*** Block opens ***

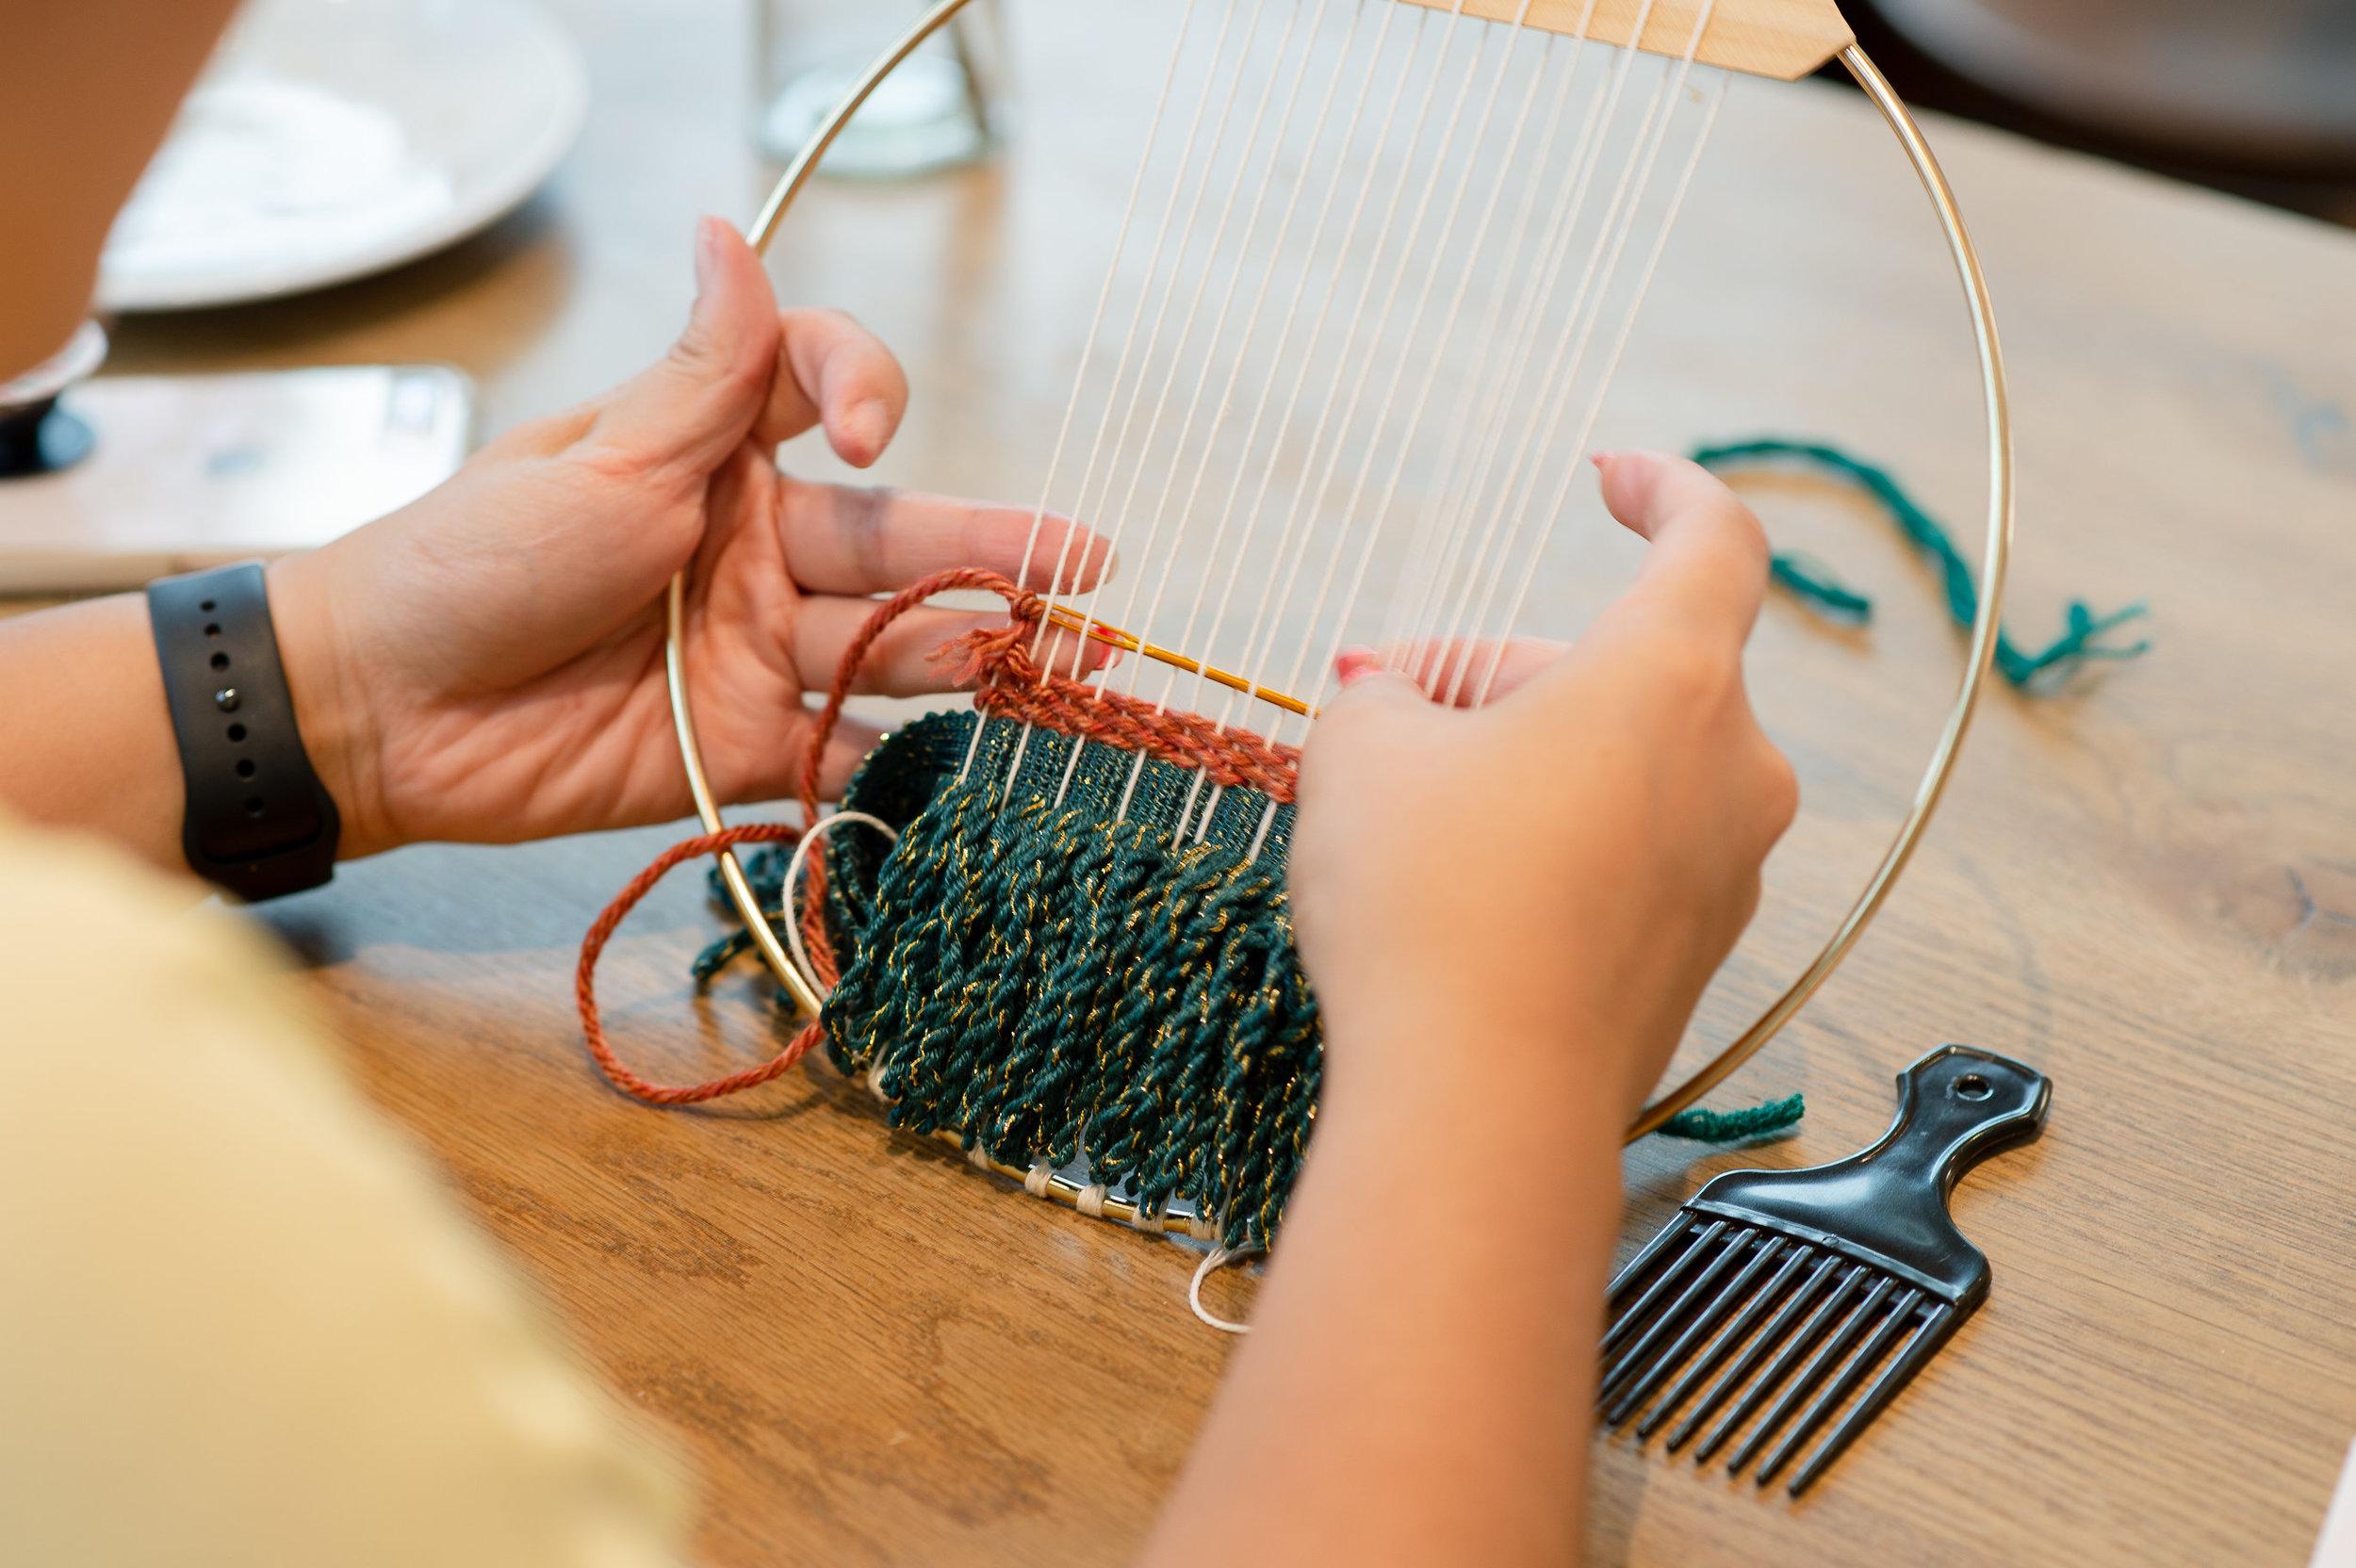 062118_WW_Weaving-39.jpg
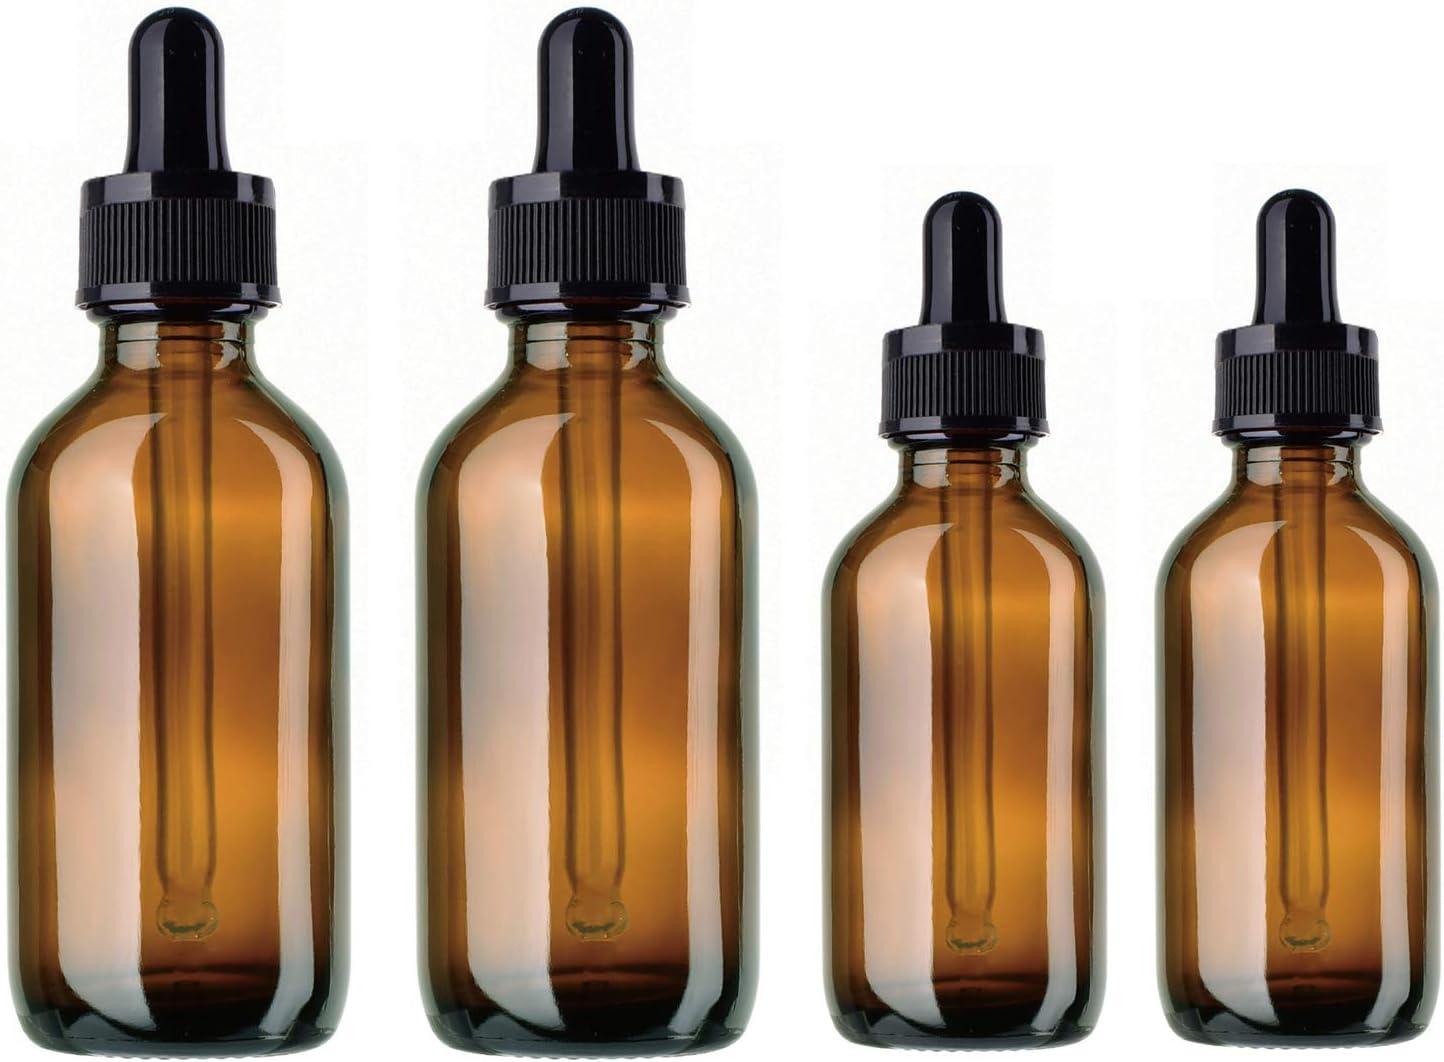 BlueXP4 Pieza Ámbar Botellas 10ml 20ml Marrón Boston de Botellas de Cristal y Pipeta para Aromaterapia Aceites Esenciales y Perfume Medicina Líquidos
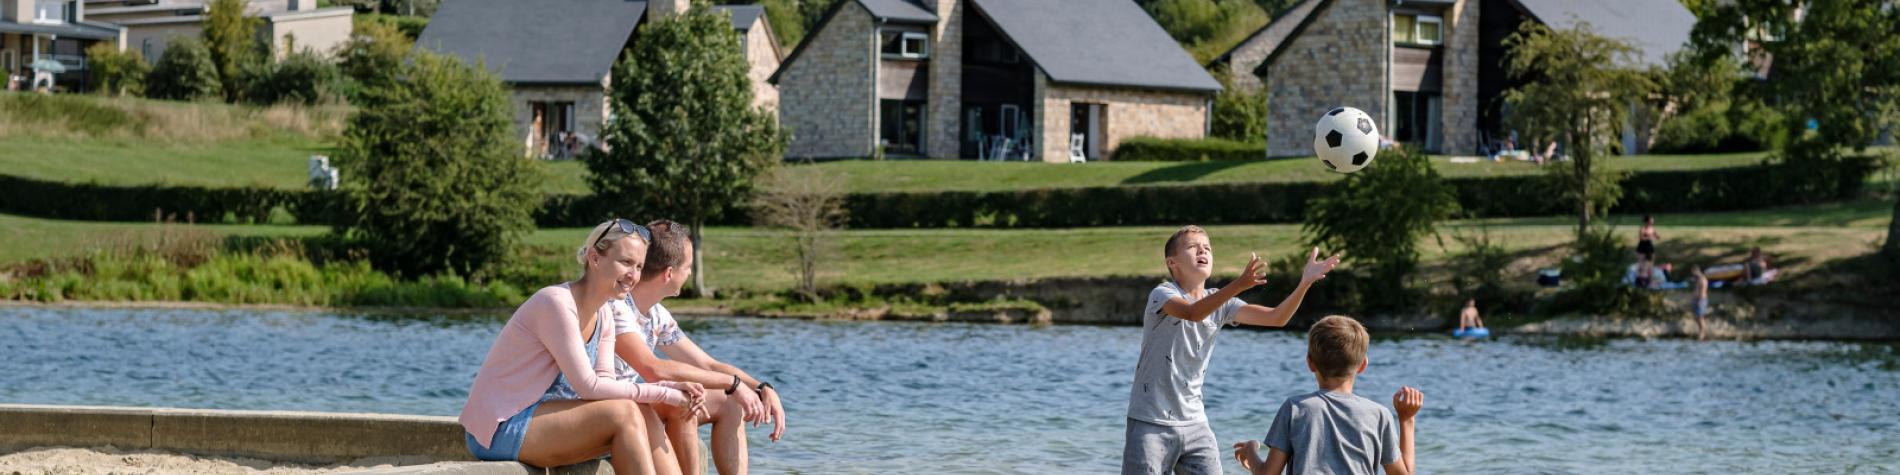 Famille se baignant dans le lac avec en arrière plan le village de vacances

*** Block closes ***

▶ THE TASK:
Line by line, give the material above again exactly, but without any pictures.

▶ THE COMPLETED TASK:
 062118_WW_Weaving-39.jpg
 BlueXP4 Pieza Ámbar Botellas 10ml 20ml Marrón Boston de Botellas de Cristal y Pipeta para Aromaterapia Aceites Esenciales y Perfume Medicina Líquidos
 Famille se baignant dans le lac avec en arrière plan le village de vacances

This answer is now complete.